Hot Code Loading — Deploy Without Downtime

One of Erlang's most astonishing features is hot code loading — the ability to update running code on a live production system without stopping it or dropping a single connection.

📖 Analogy

Replacing an Aeroplane Engine Mid-Flight

In most systems, deploying new code is like landing the plane, swapping the engines on the runway, and taking off again. Users see downtime. Sessions drop. Connections reset.

BEAM's hot code loading is like replacing an engine while the plane is still in the air at 35,000 feet. The BEAM VM can hold two versions of a module simultaneously. New processes use the new version. Old processes finish their current work and transition to the new version naturally. No connections are dropped. No service interruption. No restart.

Ericsson ATM switches stayed online through software upgrades for decades using exactly this mechanism. WhatsApp deployed updates to tens of millions of connected users without anyone's message being dropped.

🔄 Hot Code Loading — How It Works

Step 1

New module version is compiled to .beam bytecode and loaded into the VM alongside the current version.

Step 2

BEAM holds two versions: current (old) and old. Any third load ejects the old version.

Step 3

Processes still running in the old module continue running undisturbed — they hold a reference to that code.

Step 4

New processes spawned after the load use the new module version automatically.

Step 5

Existing processes transition to the new version on their next fully qualified function call (e.g. module:function() syntax).

Section 12

Real-World Use Cases — Who Uses Erlang/BEAM Today

💬

Messaging

The defining case study. 2M connections/server, 450M users, 55 engineers. The entire backend routing and delivery layer was Erlang. Acquired for $19B in 2014.

🎮

Discord

Real-Time Chat

Used Elixir (Erlang on BEAM) to power their voice/text backend. Handled millions of concurrent WebSocket connections per server with dramatically less infrastructure than competitors.

📡

Ericsson Telecom

Telecom Infrastructure

The original use case. Erlang powers AXD301, HLR systems, and countless switching platforms. 40% of all world telecom traffic routes through Erlang-based systems.

🗄️

CouchDB / Riak

Distributed Databases

Both written in Erlang for their distributed, fault-tolerant properties. Riak powers backend storage at Riot Games, GitHub, and many Fortune 500 companies requiring consistent uptime.

🐰

RabbitMQ

Message Broker

The world's most popular open-source message broker is written in Erlang. It handles millions of messages per second across distributed clusters with built-in fault tolerance and zero-downtime upgrades.

🌊

Elixir / Phoenix

Modern BEAM Ecosystem

Elixir is a modern language that runs on BEAM. Phoenix LiveView demonstrated 2 million WebSocket connections on a single server in 2019, proving BEAM's concurrency record holds in modern stacks.

Section 13

The Seven Pillars of BEAM's Power

⚡

CONCURRENCY

Millions of Processes

Lightweight BEAM processes (300 bytes) make millions of concurrent connections feasible on commodity hardware.

🛡️

ISOLATION

No Shared Memory

Process isolation eliminates race conditions, deadlocks, and cascading failures. Each process is an independent universe.

🔄

RESILIENCE

Let It Crash

OTP Supervisors restart crashed processes automatically. The system heals itself without human intervention or downtime.

⚖️

FAIRNESS

Preemptive Scheduling

2,000-reduction quantum guarantees no process can starve others. Millisecond latency maintained even at full load.

♻️

GC DESIGN

Per-Process GC

Garbage collection happens independently per process. No stop-the-world pauses. GC in one process never stalls others.

🚀

UPGRADES

Hot Code Loading

Deploy new code to a running system without dropping connections. The telecom industry's 30-year proven feature.

Section 14

When Erlang/BEAM Is NOT the Right Choice

⚠️

Honest Limitations — Know Before You Build

Erlang is not a universal solution. Understanding its limitations is as important as understanding its strengths.

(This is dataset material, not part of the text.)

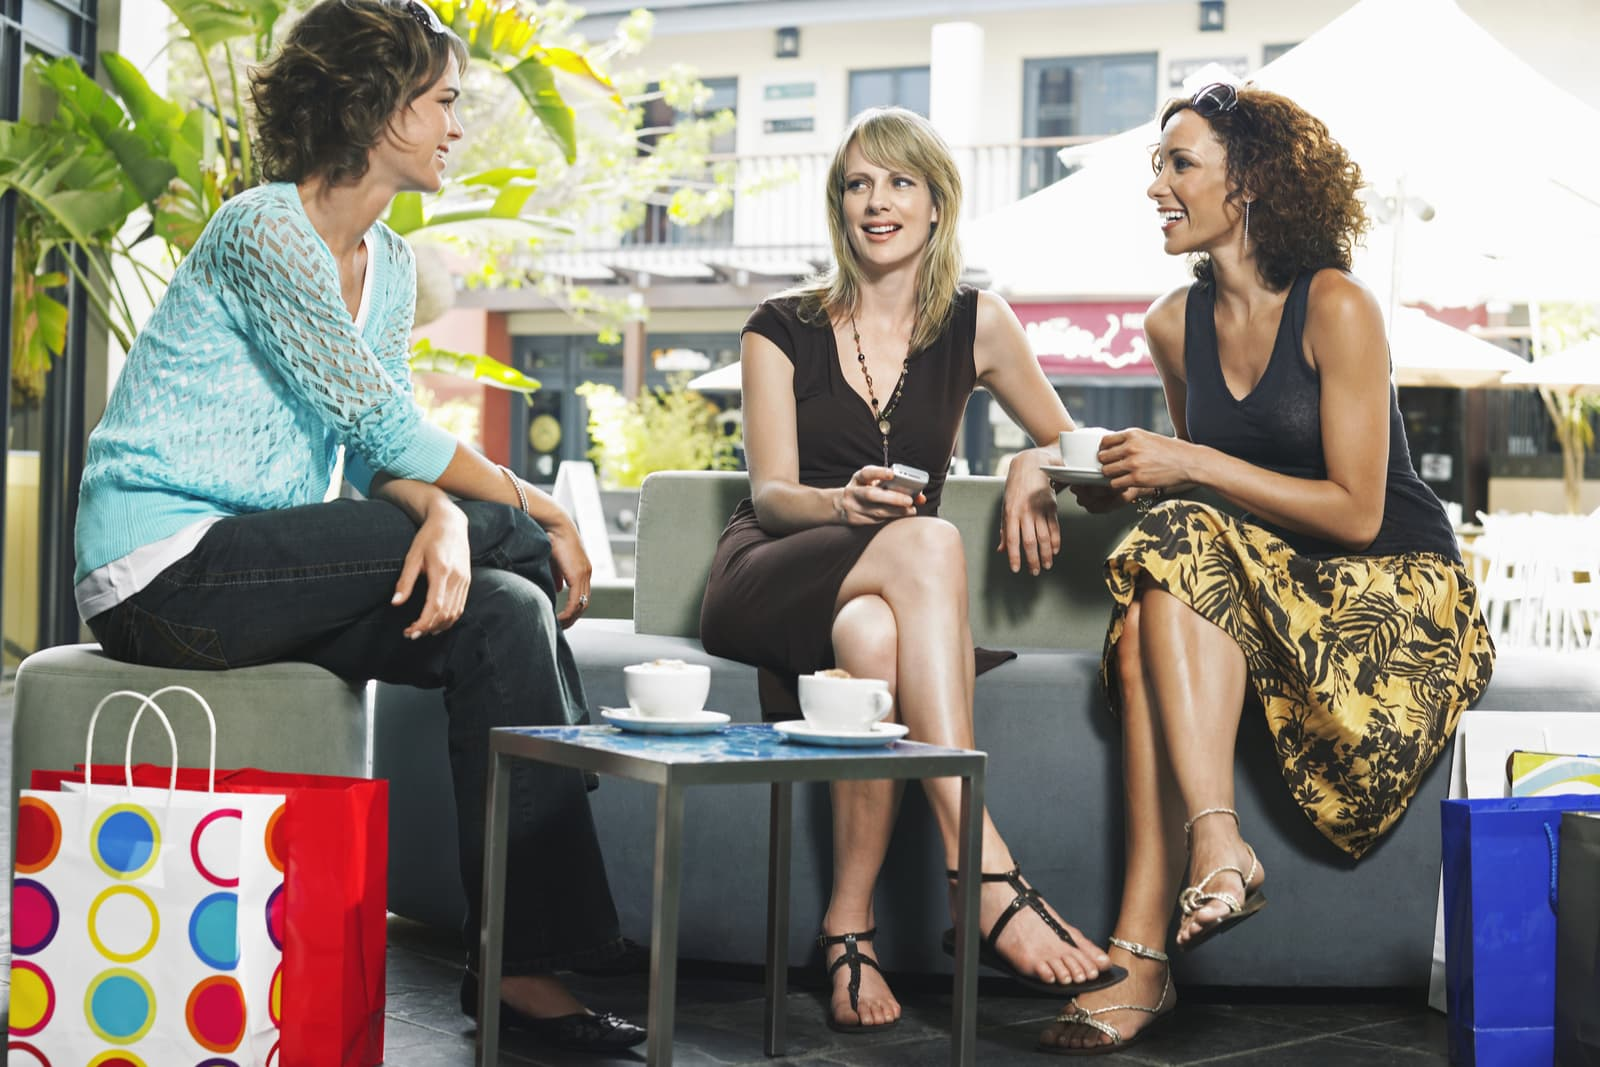 three friends sit drinking coffee and talking

Limitation	Why It Matters	Mitigation
CPU-heavy computation	BEAM processes are preempted every 2,000 reductions. Heavy number crunching is slow.	Use NIFs (native code) for compute-heavy work, or offload to C/Rust
Large binary data	Message copying for binaries > 64 bytes goes to shared binary heap. Misuse causes fragmentation.	Use sub-binaries, match contexts, and explicit binary ref-counting awareness
Hiring difficulty	Far fewer Erlang/Elixir engineers than Java/Python/JavaScript. Higher salary premium.	Elixir has a friendlier syntax; growing community and talent pool
Ecosystem maturity	Fewer libraries than Node.js/Python for non-telecom domains (ML, image processing, etc.)	Use Elixir's Hex package ecosystem + Erlang NIFs to call C/Rust libraries
Learning curve	Functional, immutable, pattern-matching paradigm is unfamiliar to OOP developers.	Elixir provides a gentler on-ramp with familiar Ruby-like syntax on top of BEAM
Debugging distributed state	With millions of processes, tracing a bug through message flows is non-trivial.	OTP's `sys` module, `recon` library, and observer tool provide powerful introspection

Section 15

Golden Rules — Building on Erlang/BEAM

🌱 BEAM Architecture — Non-Negotiable Principles

One process per connection, always. This is the BEAM idiom. Don't fight it with thread pools or async callbacks. Spawn a process for each TCP connection, each user session, each active entity. The VM is built for this.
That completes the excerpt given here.